My method of completing wells can best be illustrated in connection with a casing cementing operation. In this case, a section of casing is provided which has projections sticking out of it. A passage is provided through the casing wall and through the projections. The outer end of the passage is plugged by a material which can be melted in any of several ways. The casing is run into the well, with the special section inserted at the proper point to be set opposite a producing Zone of the well. After the casing is lowered into the well, it is cemented in place. The plug is then melted out of the end of the passage to form an opening extending from the formation to the interior of the casing.

My invention will be better understood by reference to the drawing in which:

FIGURE 1 is a cross-sectional view of a well showing an embodiment of my invention in which a section of casing has projections containing passages plugged at their outer ends with a material which can be melted to open the passages.

FIGURE 2 is a detailed View in cross-section of one form of a projection with a plug in its outer end.

FIGURE 3 is another detailed view in cross-section showing a form of projection in which the plug in the outer end is reinforced to prevent premature collapse.

FIGURE 4 is a cross-sectional View of another form of projection in which a reservoir is provided for the molten plug so this material will not enter the well.

FIGURE 5 is a view of a section of casing in which the projections are supported by webs extending along the casing.

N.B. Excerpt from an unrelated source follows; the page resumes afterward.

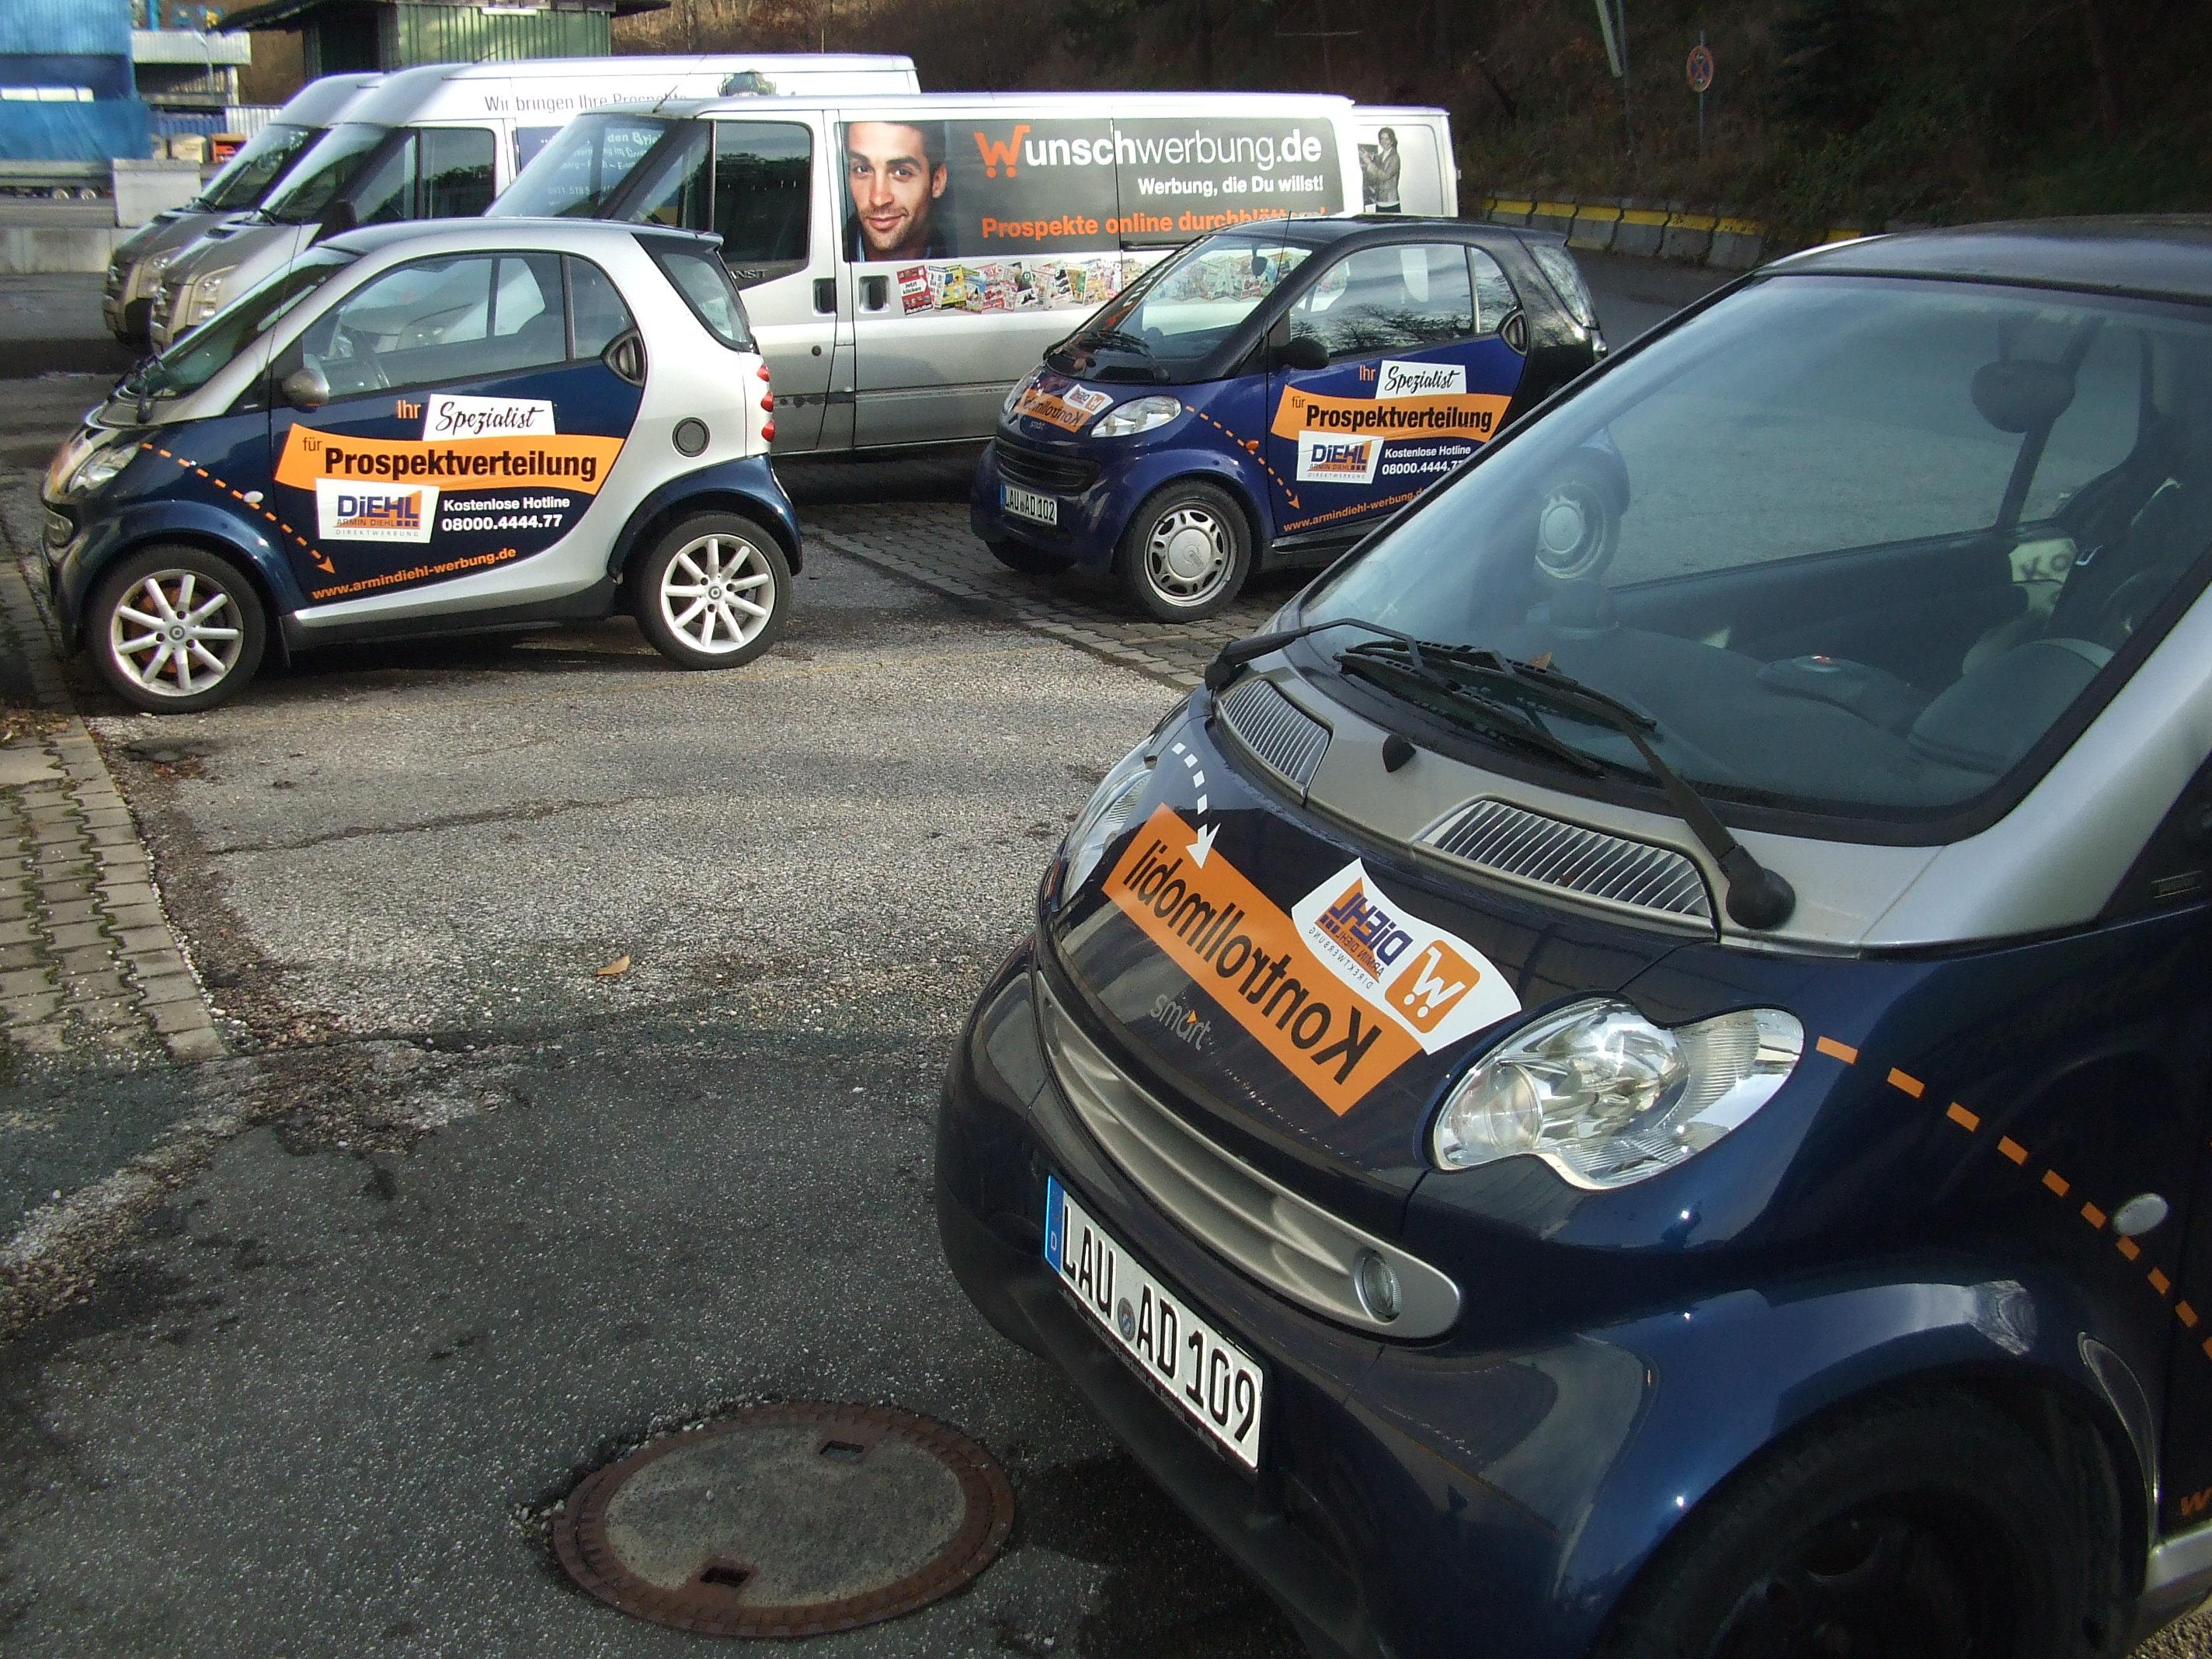 Smart Fuhrpark Armin Diehl GmbH

In FIGURE 1, a well 10 penetrates an oil producing sand 11. A string of casing 12 has been lowered into the well. This casing includes a section having projections 13 extending outwardly. The section bearing the projections is set opposite the producing formation. An electric heater 14 is shown lowered into the casing on electric cable 15.

The character of the projections can be seen in more detail in FIGURE 2. Here, the projection 13 is a tube extending through casing 12. The tube is attached to the casing by means such as weld 16. The tube is closed at its outer end by a plug 17. The plug is formed from a low-melting alloy.

In using the apparatus shown in FIGURES 1 and 2, the casing is lowered into the well until the special section is opposite the producing formation. The casing is then cemented in place by running a string of tubing into the well with a packer on the bottom, setting the packer between the casing and tubing near the bottom of the casing string, and pumping Portland cement slurry down the tubing and up around the outside of the casing. After the cement is set, the tubing is withdrawn and the heater is lowered through the section opposite the prOduCing formation to melt the alloy plugs at the ends of the tubes and permit flow of formation fluids into the casing from which it can be removed to the surface of the earth by pumps or other well-known means.

The alloy should have a low melting point. If the casing is heated to a temperature very much above about 700 F., the cement behind the casing may be seriously damaged. The critical temperature of water is about 700 F. Temperatures above this value may seriously interfere with hydration of the cement as well as adversely affecting the bond between the cement and the casing. For these reasons, the plugs in the passages through the casing and projections should have a melting point which is not above about 700 F. Preferably, the melting point should be no more than about 100 F. above the normal static temperature of the formation opposite which the special section of casing is to be set. This is to decrease the amount of heat which must be generated to melt the plugs.

The trouble of running a tubing string for the cementing job can be avoided by pumping cement down the casing itself. In this case, however, the passages through the casing and projections should be either completely filled with the low-melting alloy or at least the passages should be plugged at both the outer and inner ends.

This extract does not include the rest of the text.